Nilashi et al. [25] proposed a collaborative filtering recommendation algorithm based on ontology and dimensionality reduction. However, the establishment of ontology is complex, and there are very few existing Web service ontologies.

3. Knowledge-Graph-Based Web Service Recommendation Algorithm

In order to solve the cold start problem of traditional service recommendation and the problem of semantic associations between services not being taken into consideration, we developed the kg-WSR algorithm. In this algorithm, firstly, the entity relationships of a Web service knowledge graph are analyzed. There are two types of entity nodes in the Web service knowledge graph: Web services and users. The relationship between different services is judged by the input and output of the service; users and services are linked by rating. Secondly, the entities in the knowledge graph are embedded into a low-dimensional space by using the TransH algorithm. Then, the similarities between users are calculated to identify the neighbors and the nearest K users for a user, and the distances between services are calculated to find semantically similar services for each service. The smaller the distance, the greater the degree of association. For the user receiving the recommendation, the highly rated services of his neighbors are defined as set US, the semantically similar services of services that he marked highly form the recommended set RS, and his QoS preference is calculated according to the user rating vector and service QoS matrix. According to preference, the US and RS are sorted into ordered sequences L and K, respectively. A preliminary recommendation set is generated by integrating L and K in the proportion of p:q, and the final ranking is performed to create the final recommendation set C. The values of p and q are adjusted according to whether the user receiving the recommendation is a positive user or a negative user.

The main steps of the proposed method are shown in Figure 1.

3.1. Web Service Knowledge Graph Representation Learning

3.1.1. Analyzing Service Relations

The service entities in the Web service knowledge graph are related through service relationships, so determining the service relationship is a crucial step in the Web service knowledge graph.
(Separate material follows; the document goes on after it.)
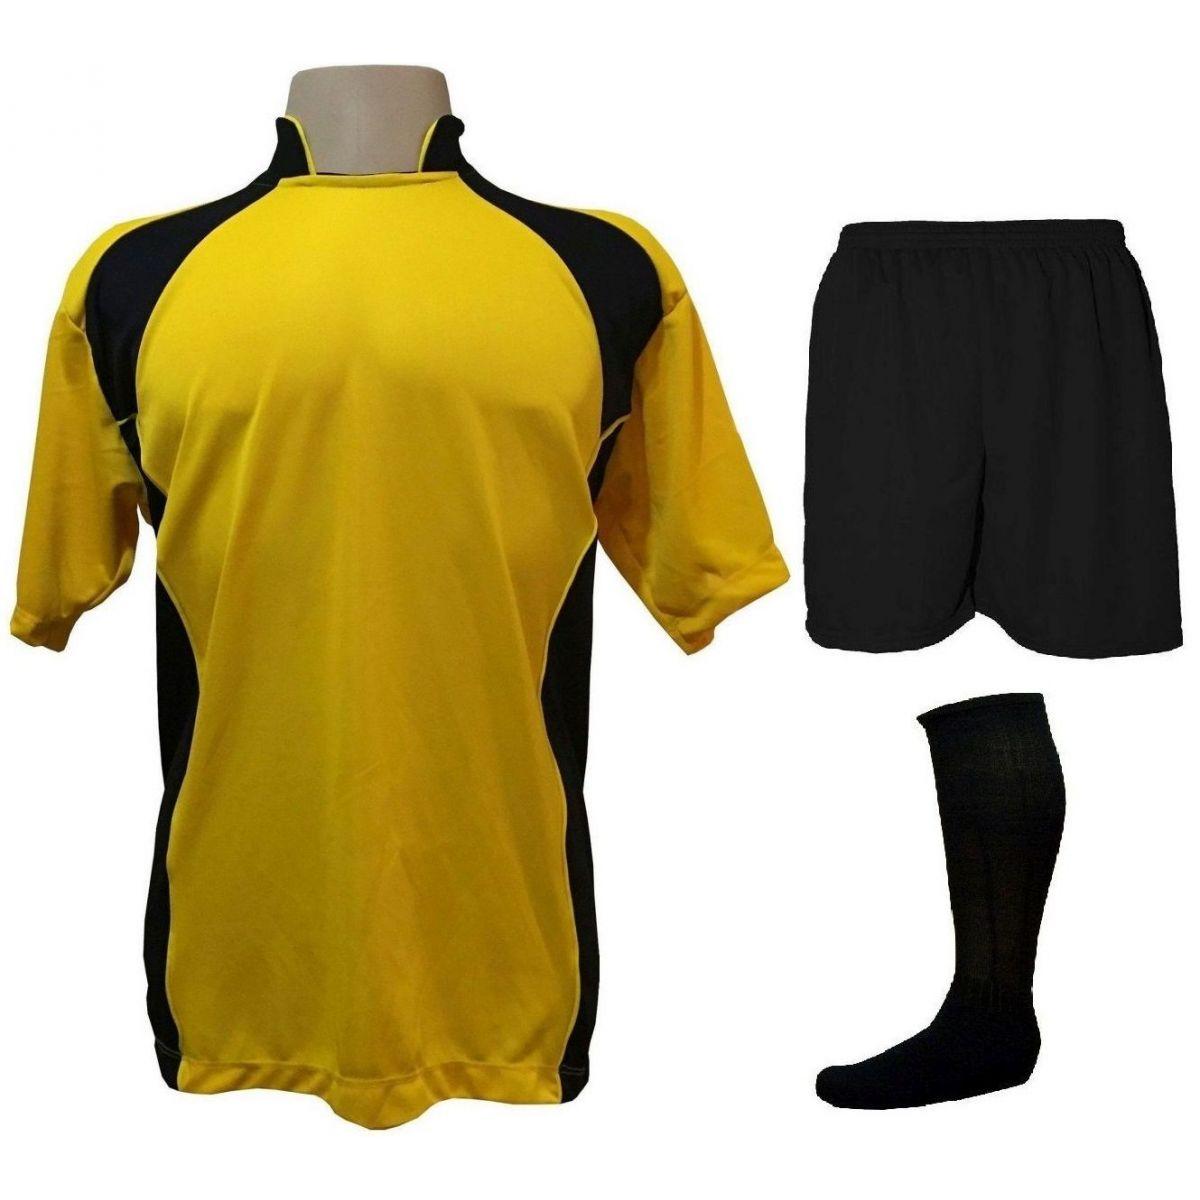 Uniforme Esportivo Completo modelo Suécia Amarelo Preto 14+1 (14 camisas +  14 calções + 15 pares de meiões + 1 conjunto de goleiro) - Frete Grátis  Brasil + ... 41c877d7c5f7c

From the perspective of a Web Services Description Language (WSDL) document, a Web service can be abstracted into a conceptual model consisting of three layers of components: service, operation, and parameter. The definition of service relationships is also divided into three levels, namely, parameter, operation, and service levels. This paper considers service-level relationships. Service-level relationships focus on describing interactions and constraints between services. On the Web, multiple services are functionally equivalent or similar, and there must be competition between them. On the other hand, the service process determines the existence of collaboration between services, which is the basis for control flow in composite services and business processes [26]. Therefore, according to the competition and collaboration relationship, there are five categories of service relationships, as shown in Table 1.
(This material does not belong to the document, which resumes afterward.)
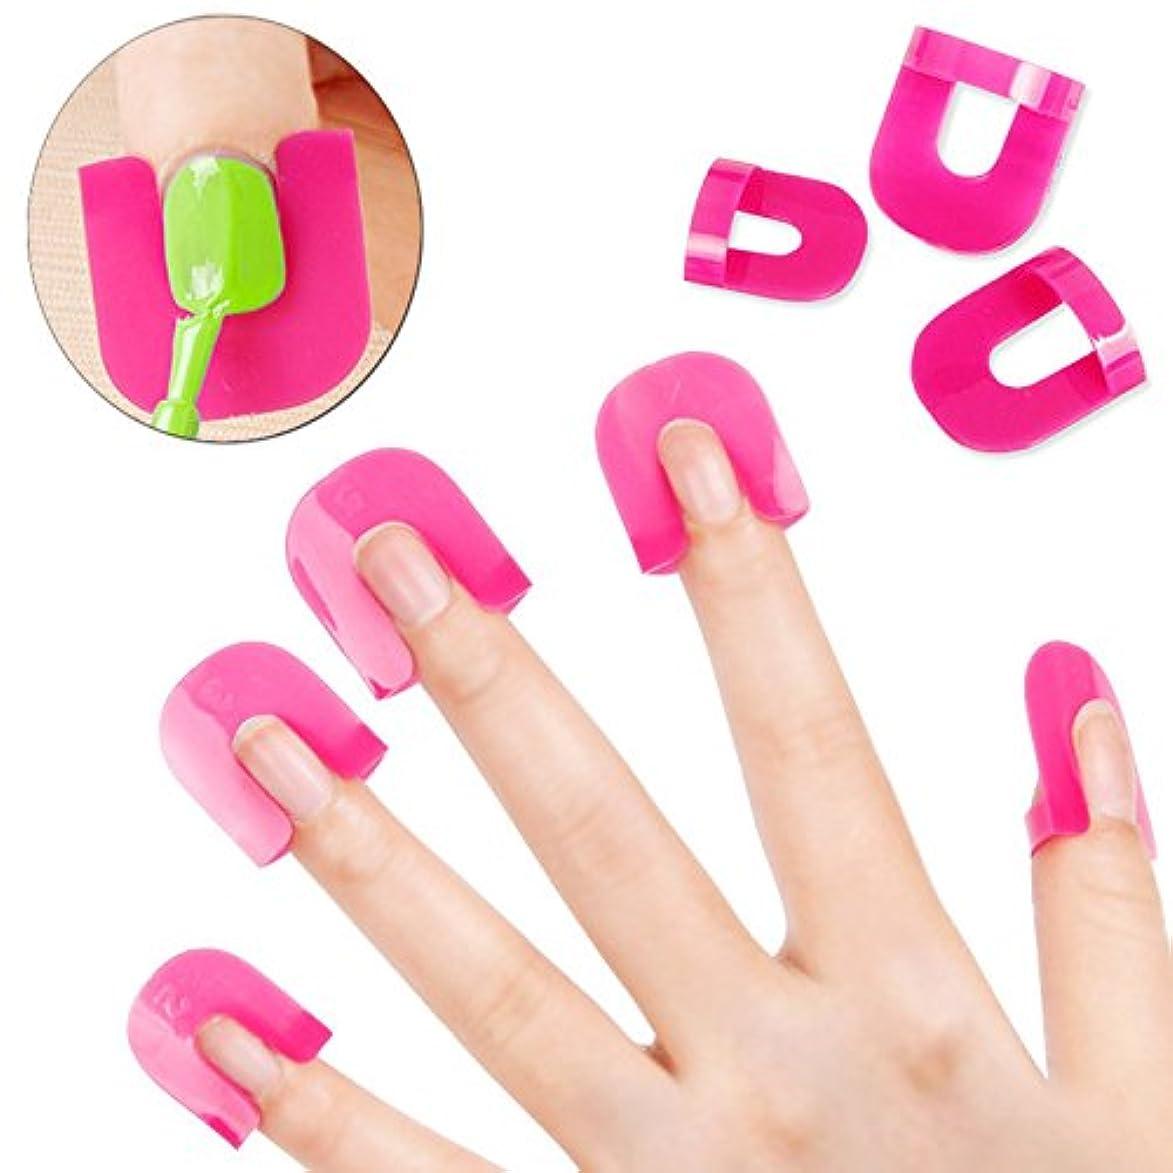 午後必要としている恋人New 26PCS Professional French Nail Art Manicure Stickers Tips Finger Cover Polish Shield Protector Plastic Case Salon Tools Set

As for the relationship between users and services, they are linked by rating. There are five rating levels corresponding to this relationship: extremely dissatisfied, dissatisfied, medium satisfaction, satisfied, and very satisfied.

The relationship between services and the relationship between users and services are illustrated in the Web service knowledge graph shown in Figure 2.

3.1.2. Embedding Entities in Low-Dimensional Space

Based on the knowledge graph, the TransE algorithm is a representative algorithm in representation learning. It embeds the entities and relationships in the knowledge graph into the low-dimensional vector space.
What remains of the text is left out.